I implemented my ssd model at 1080ti and jetson tx2, but they have different result, although these changes have little impact on the final detection output, but I want to know why.

I printed some of the media layers’s statistical data: min, min_index, max, max_index, sum, mean, tss(sum of squares) and var, and I found something strange：

1080ti:

[mbox_conf]:

min:-6.643838(0.000000) min_index:174167.000000(0.000000) max:16.168436(0.000000) max_index:140217.000000(0.000000) sum:-708.053076(-0.000049) mean:-0.003861(-0.000000) tss:1259940.186802(-0.002180) var:6.870952(-0.000000)

jetson TX2 ：

[mbox_conf]:

min:-6.640625(0.000000) min_index:174167.000000(0.000000) max:16.162971(0.000000) max_index:140217.000000(0.000000) sum:-709.651303(0.000066) mean:-0.003870(0.000000) tss:1259667.312911(0.002610) var:6.869464(0.000000)
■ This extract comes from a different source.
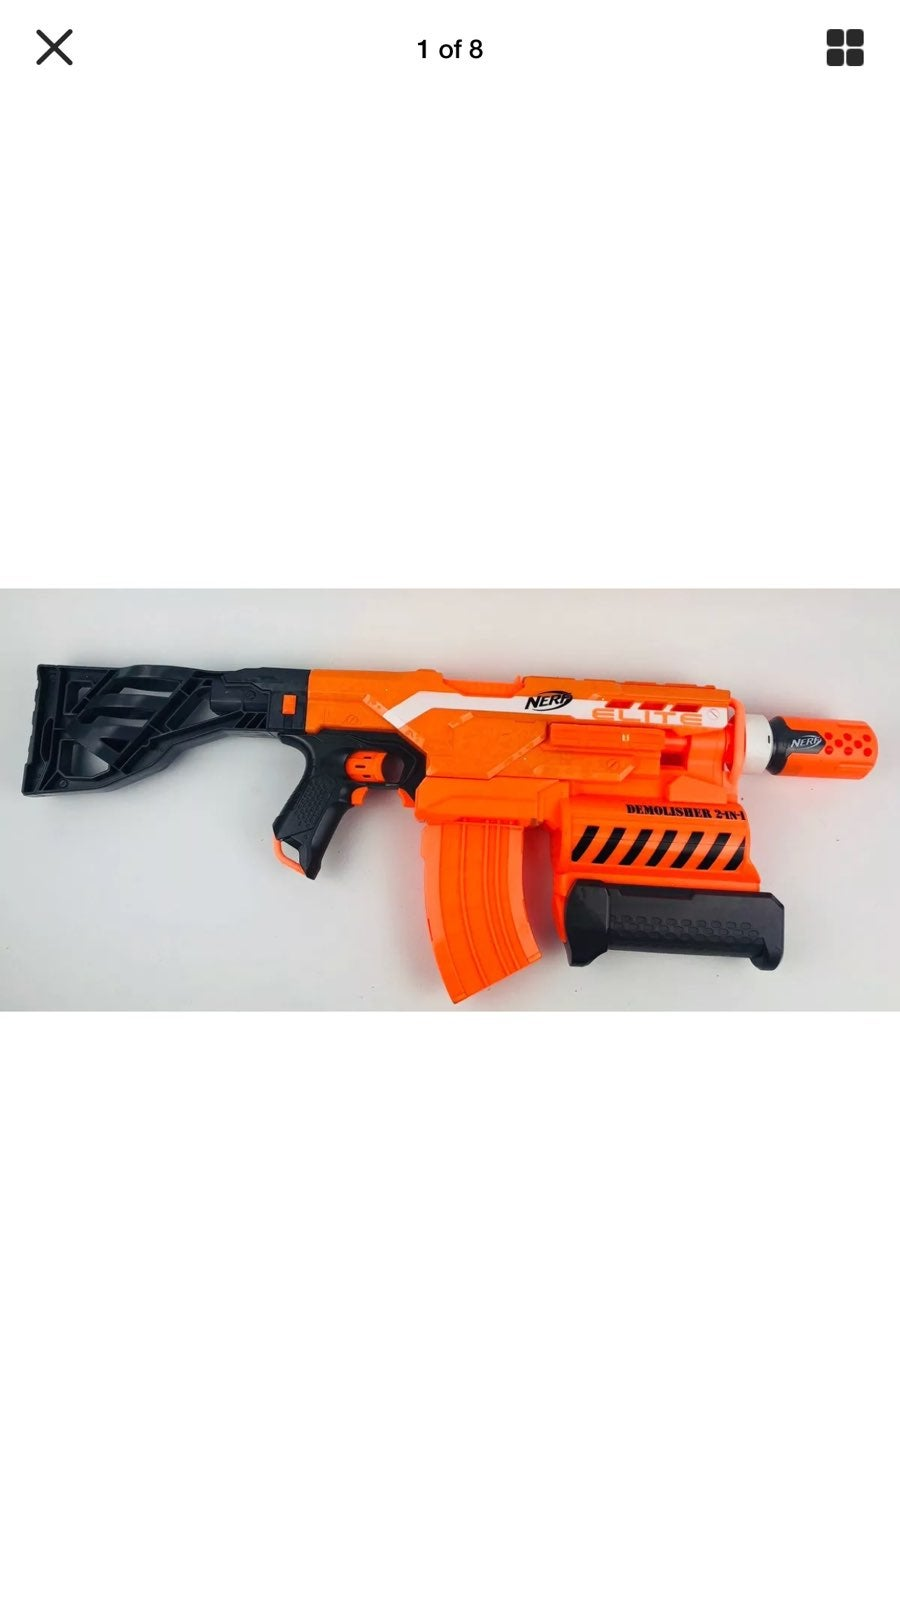 Nerf Demolisher 2-in-1 Dart Blaster
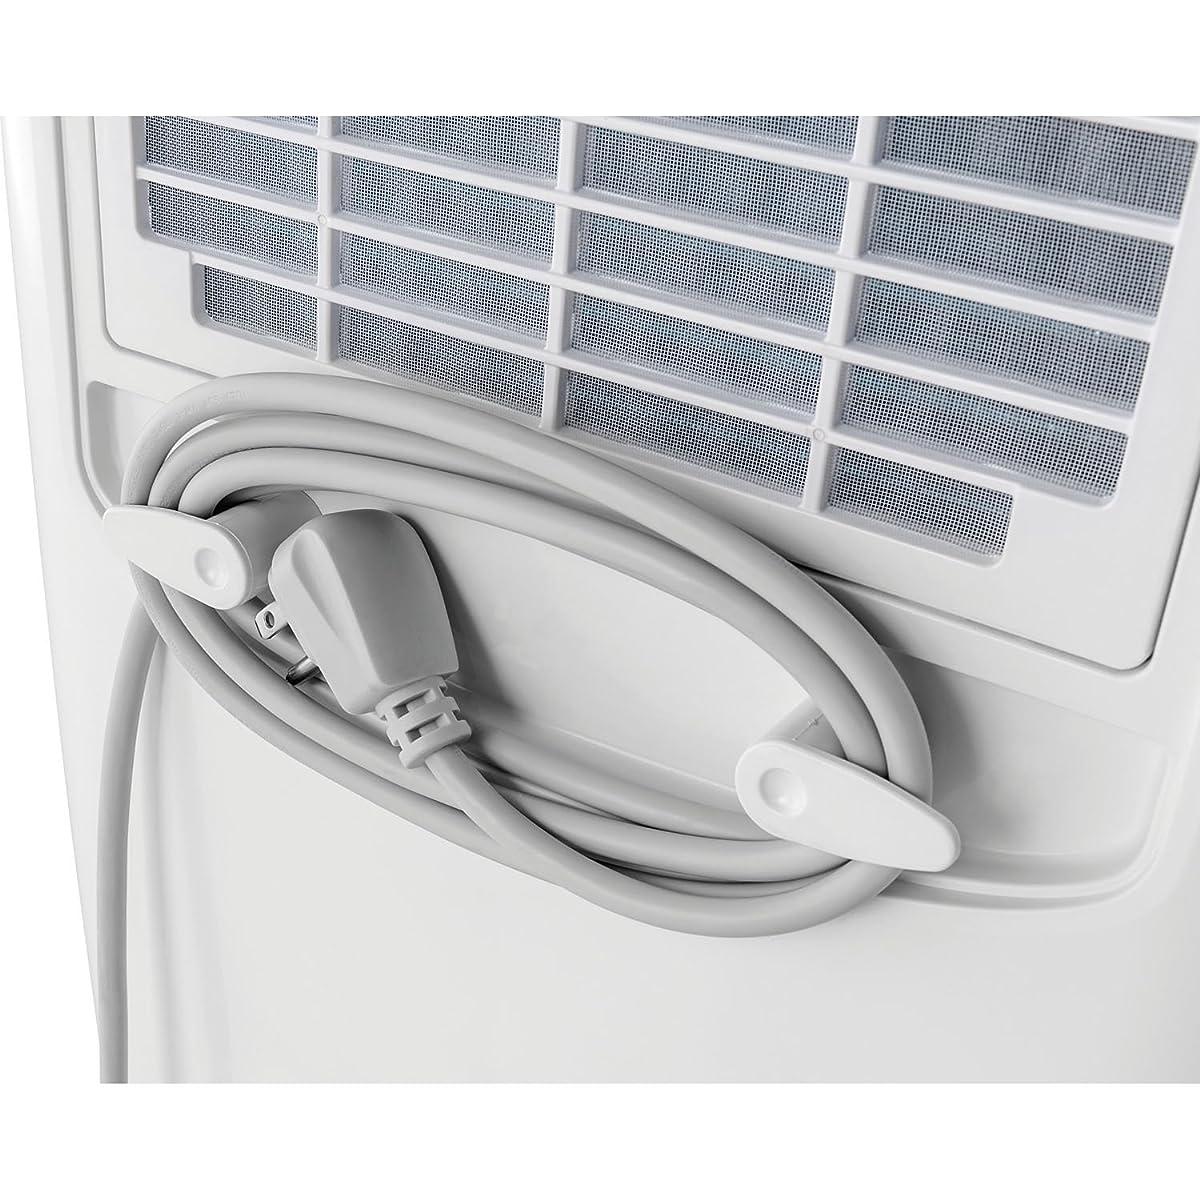 Frigidaire FFAD7033R1 70-Pint Dehumidifier with Effortless Humidity Control, White

The numbers in parentheses represent the difference between this time and last time I run the same pirture at the same paltform and these two models’ precision are all FP32. The 1080ti and jetson tx2 have slight difference and any two inference operation will result in slight difference too, the diff(the numbers in parentheses) is only in sum and tss. And I found that these slight changes began at conv4_3.

Is there a generation of random numbers during the inference? Or this is the cumulative error of CUDA bottom numerical calculation？

Is there a statement about tensorrt cut the precision of some heavy operations, such as cutting 32-bit to 16-bit, to reduce the computation cost during the inference. And then after getting 16-bit results, it restores them to 32-bit by filling some random numbers？

And the optimization of tensorrt is hardware-dependent or not?